What is an “Implied Consent” in a DUI case
Implied consent laws say that if you are driving and an officer suspects that you are DUI, then you must consent to a chemical test or risk losing your driving privilege.
Think of it as a deal you made with the State that issued your drivers license, and a deal you make with any state the moment you get behind a wheel or mount a motorcycle. You agreed that if an officer suspects you of driving under the influence of alcohol (or sometimes drugs), you have given your consent for them to take a chemical test from you to determine you alcohol level.
As the name suggests, the consent is implied and not explicit. This means that you can always refuse to cooperate and take the test by withdrawing your consent. The implied consent statutes that are part of state DUI law spell out the penalties and drawbacks of withdrawing your consent and refusing to participate in chemical testing.
In a nutshell, if you withdraw your consent you will lose your license, typically for a one year period for a first refusal. If you do, then, depending on the state, the officer may still have an opportunity to get a search warrant from a judge to take your blood, thereby getting around your non-consent.

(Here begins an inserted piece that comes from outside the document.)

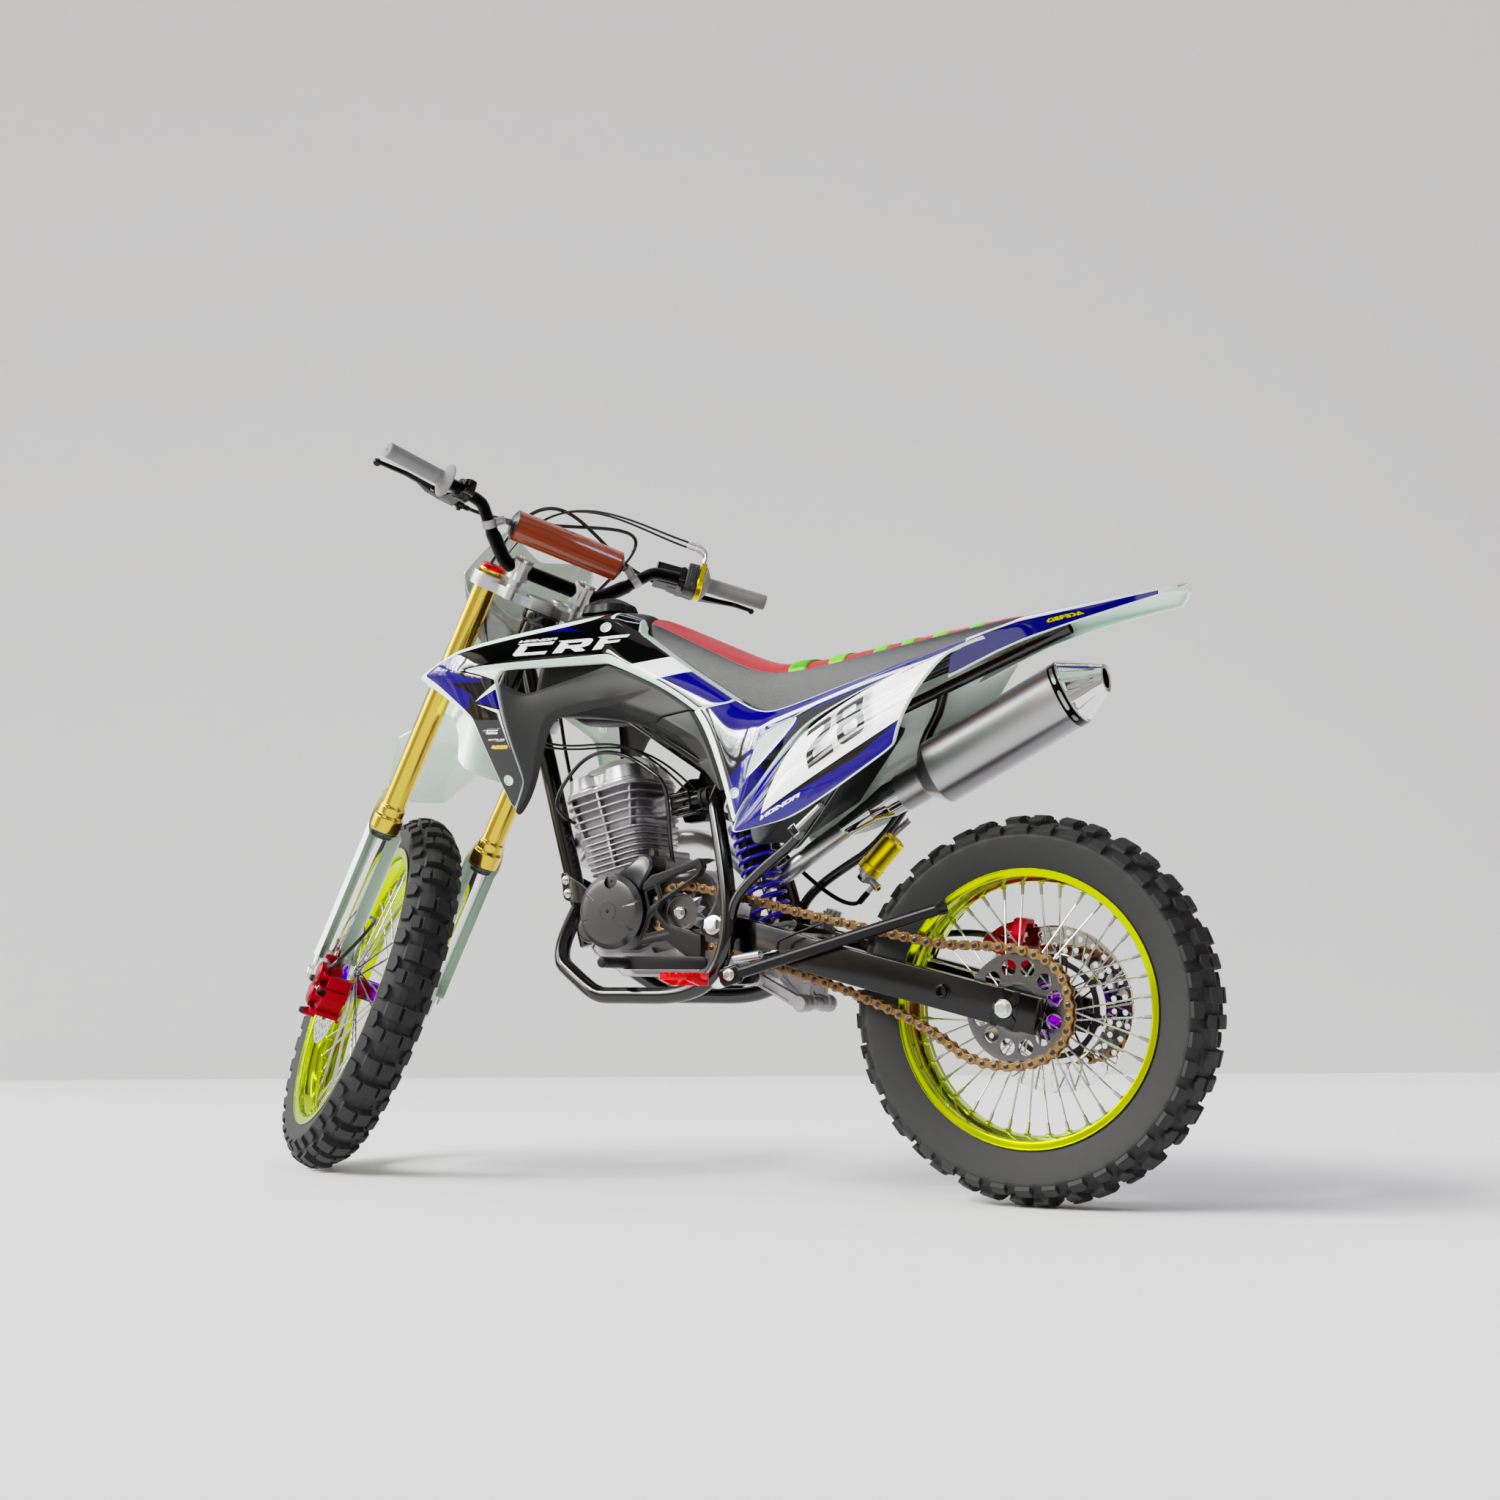 5 signs that CRF150L is the off-road bike designed to unlimit the

If you refuse a chemical test, or if the officer alleges that you did because either the machine didn’t work or you weren’t being cooperative, you typically have a right to request a hearing to ask an administrative law judge at the DMV to review the facts of the case and reverse the license suspension.
Keep in mind that typically you must request a hearing within a very short period of time from your arrest, or you will lose your right to a hearing and therefore your license. Check individual state laws for the specific requirements of the DUI implied consent statute that applies to your case. Make sure that you contact a local DUI lawyer before time to request a hearing expires.